Parenting is tough, to say the least, and with the idea of being that ‘perfect’ parent floating around everywhere, a lot of us end up setting unrealistic standards for ourselves and our children, which usually ends badly with burnouts and breakdowns. So here’s a little advice to all the moms out there – stop trying to be the perfect mom. Instead, try to be a positive parent.
So what is positive parenting? It’s a method of parenting that focuses on positive behavior. Don’t mistake this to mean that you should let your child run around doing whatever they want without consequence. It simply means that you’re helping your child understand their developing emotions in a tone that’s calming and comforting, as opposed to yelling or other drastic measures.
To help you get started here are five basic principles of positive parenting I think every mom should know.
Respect
One of the most important principles of positive parenting is respect, and sadly, it is often the most misunderstood concepts too. More often than not, parents forget that respect is a two-way street. We expect our children to be respectful towards us and other adults in general, but we don’t return it to them. Remind yourself that every child is unique, and deserves to be appreciated, respected and treated right to grow up into a positive human being.
What are some ways that you can show respect towards your children?
Listen to your child. When you take the time to listen to your child without interruption you’ll notice how more open they’ll become. It shows them that you genuinely care and are interested in what they’re saying and that their opinions matter to you.
Letting your child make choices about their bodies. I cannot tell you how many times as a child I was told to hug someone who I didn’t want to. It made me feel uncomfortable and if I showed reluctance I was made to feel guilty. This is wrong. If your child does not want to hug someone then they shouldn’t be made to. It’s no different than you as an adult not wanting people in your personal space. The same goes for your child. Be considerate of their personal space.
Don’t come down hard on their mistakes. Children are learning things every day so if they don’t get something right away don’t come down hard on them. Constantly doing so can lead them to develop insecurities and fear that you will be mad at them if they don’t get it right the first time every time. Let them know it’s okay to make mistakes and you’re there for them if they need help.
Allow your child to do things on their own. As parents, when we see our children struggling our first instinct is to jump in and save them. Stop. Let your child figure things out on their own and only lend assistance if they’re really struggling or if they’ve asked for it. This gives your children confidence in knowing that you have faith in them to do things on their own.
Positive Expectations
Setting positive expectations for your child can really help bring out the best in them, and that’s one principle of positive parenting that every mom should definitely know.
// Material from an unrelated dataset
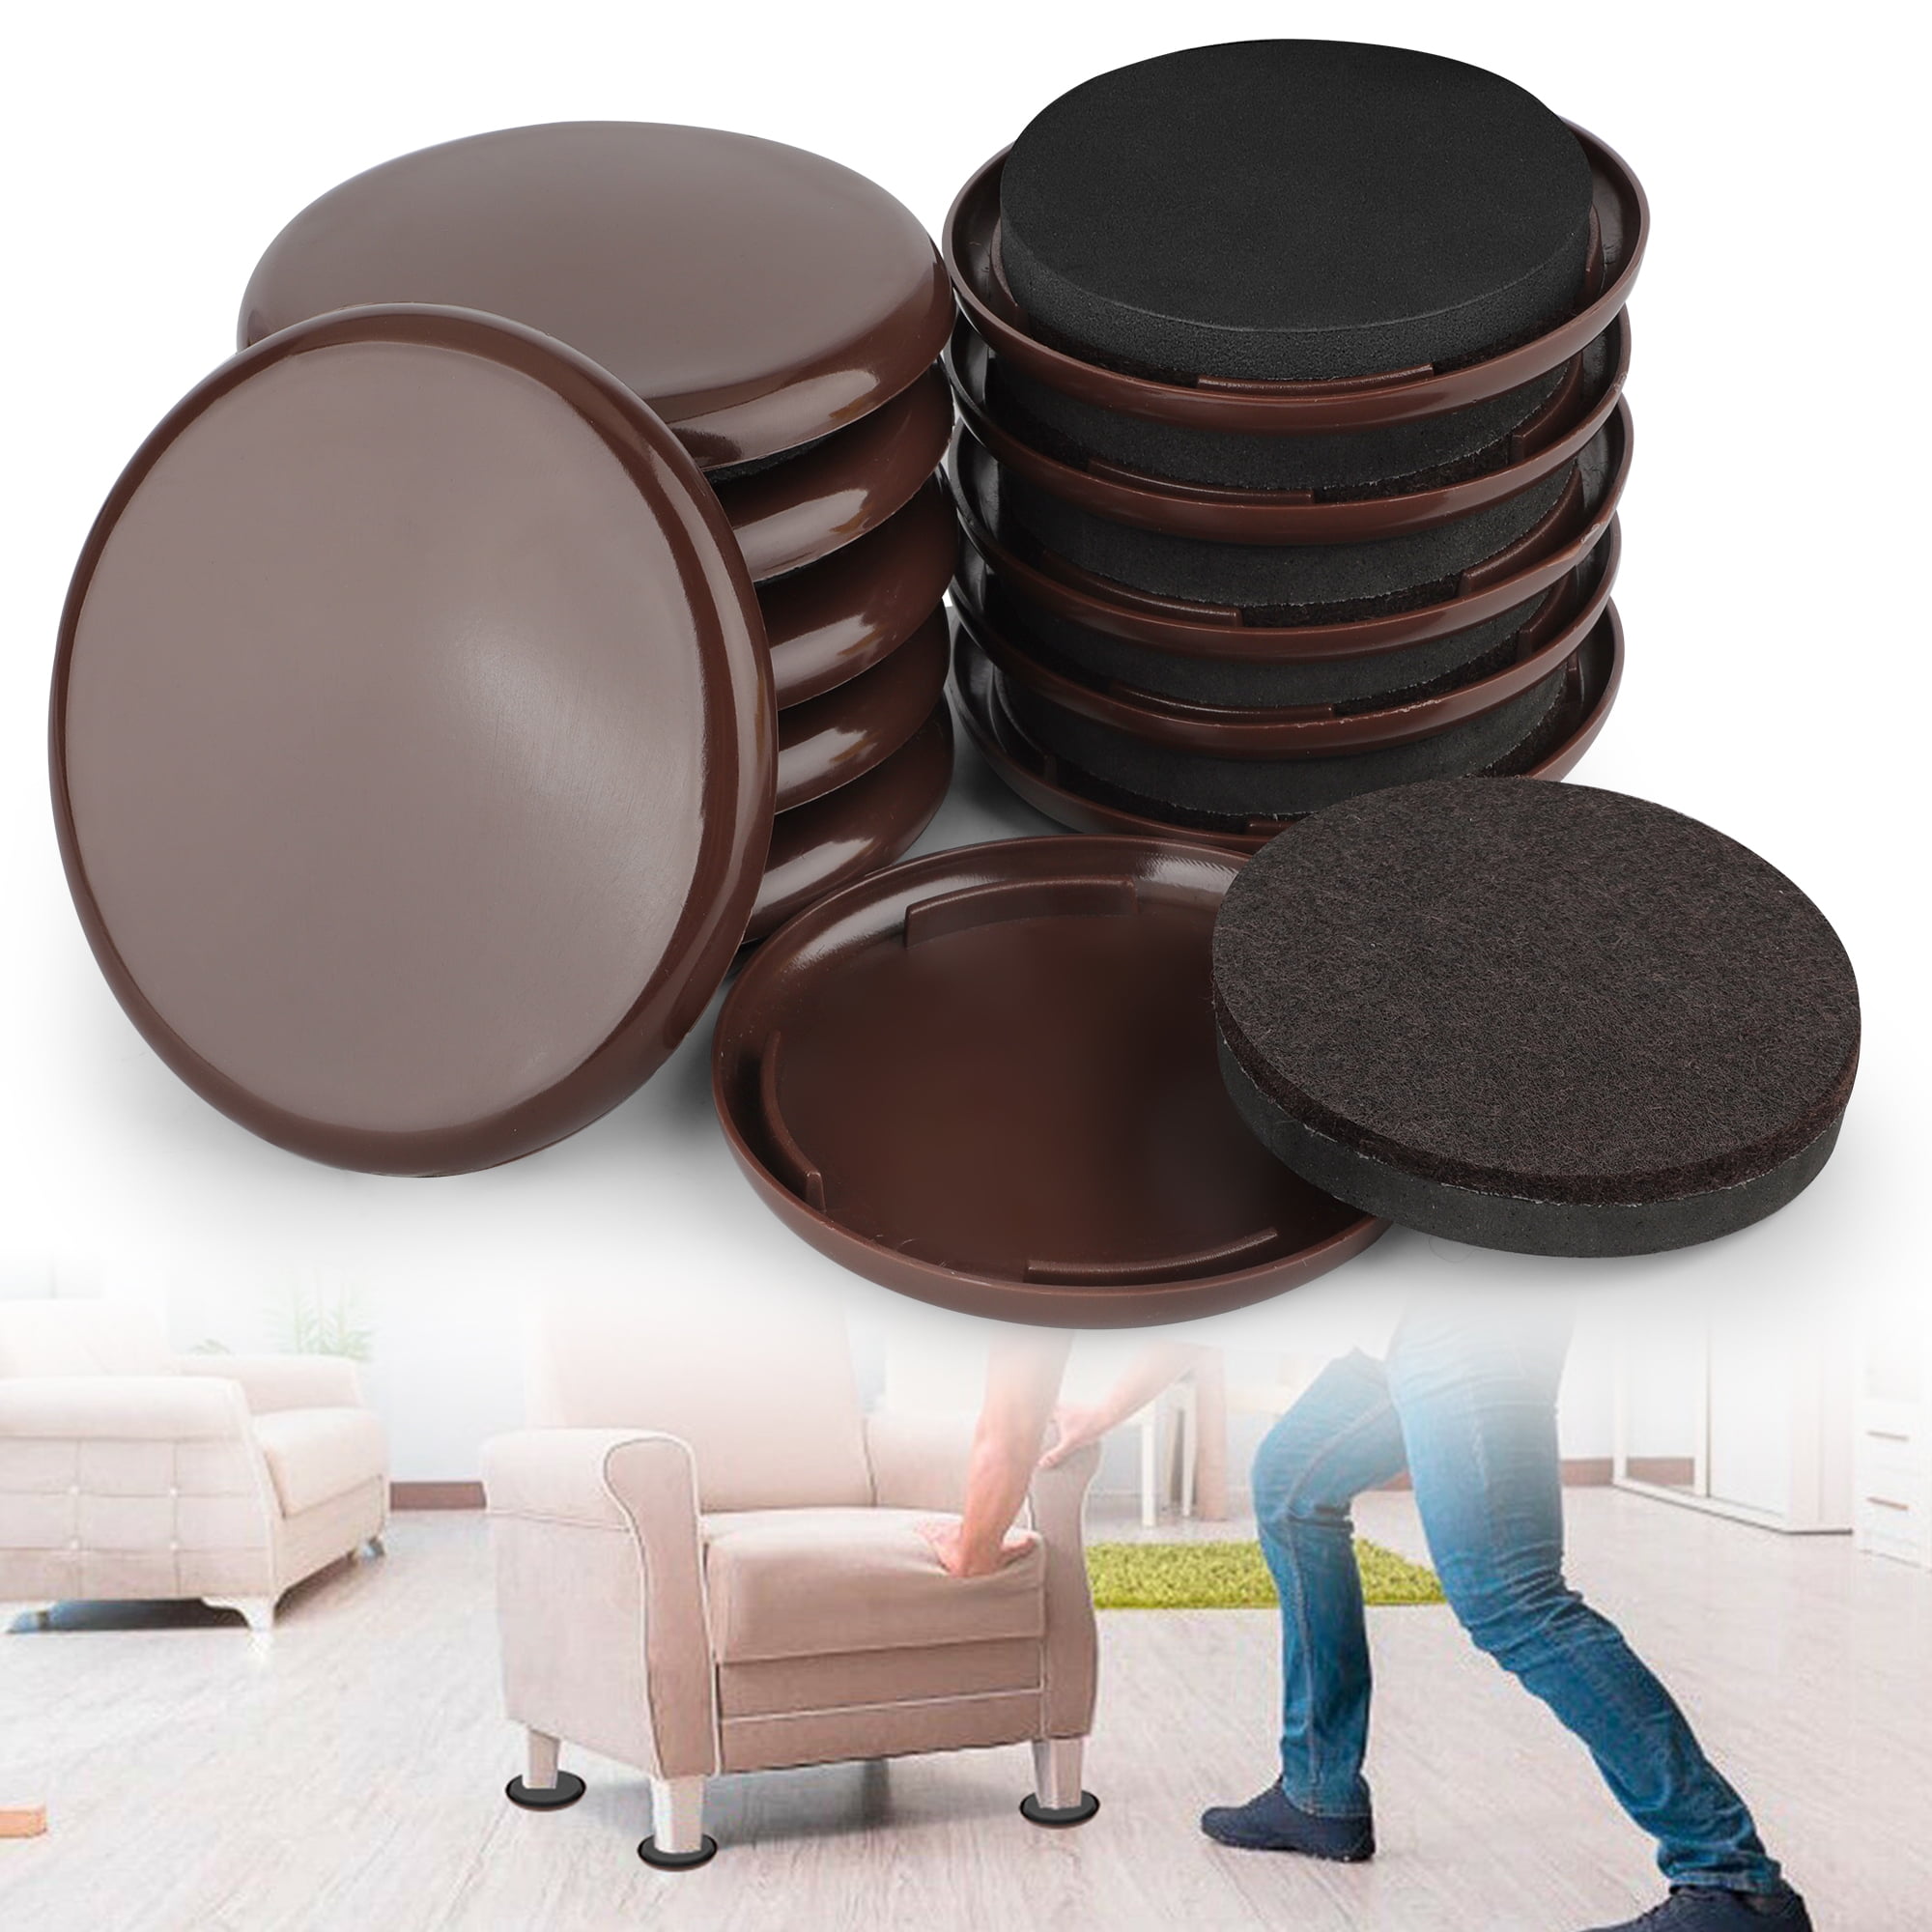 16 Pcs Furniture Sliders, Reusable Heavy Furniture Movers, 3.5inch Round Furniture  Sliders, Furniture Moving Kit for Carpeted and Hard Floor Surfaces Felt Pads  Sliders, Suitable for All Furniture

Set moderately challenging tasks for your child, encourage and push them to work towards it, and applaud him when they do it – regardless of the outcome and success of the task. Having a positive and goal-oriented atmosphere in your household will let your child know they’re capable of doing anything and you’re proud of them no matter what.
Empathy
Being empathetic is another crucial trait for positive parenting, and that means tackling tantrums and meltdowns smartly. It also means that when your child is angry or upset, you need to understand and look at things from their point of view, and read into their needs. Instead of looking at your little one as the defiant one, treat him as your own part, and try to bond with him intuitively. As a parent, try to understand your child’s needs and emotions before judging them. Interact with your child in a way that makes them feel understood. When you do that, it’ll help them develop those qualities themselves.
Discipline
Discipline is a part of every child’s upbringing, but it doesn’t always have to be enforced in a negative way. Remind yourself that discipline and punishment are not alike, and when you’re practicing positive parenting, you might have to set punishments aside. Set rules in your household, but only for things that really matter, and offer your child the freedom of choice (and opinion) in other trivial matters. When things go wrong, avoid resorting to yelling and being negative. Instead, sit down together and look for ways to work around it and make better choices.
Love
Contrary to the popular belief, there is actually nothing wrong with spoiling your child with love and affection. In fact, it is absolutely necessary and a crucial part of your child’s growth and development. Keep in mind, however, that love doesn’t have to be material possessions or gifts. Love is about cuddles, reading together, favorite meals together, and just being present. Sure, we all live hectic lives which makes finding the time to ‘be there’ for your little one sometimes more difficult than you’d like, but if you make it a priority, you can actually make it work.
For more information check out Positive Parenting: An Essential Guide (The Positive Parent Series) by Rebecca Eanes. It’s a great book on how you can create peace and harmony within your home using this form of parenting. Remember, when a child grows up in a home where they’re loved and valued, it’ll have a lasting influence on them, that they’ll carry into adulthood.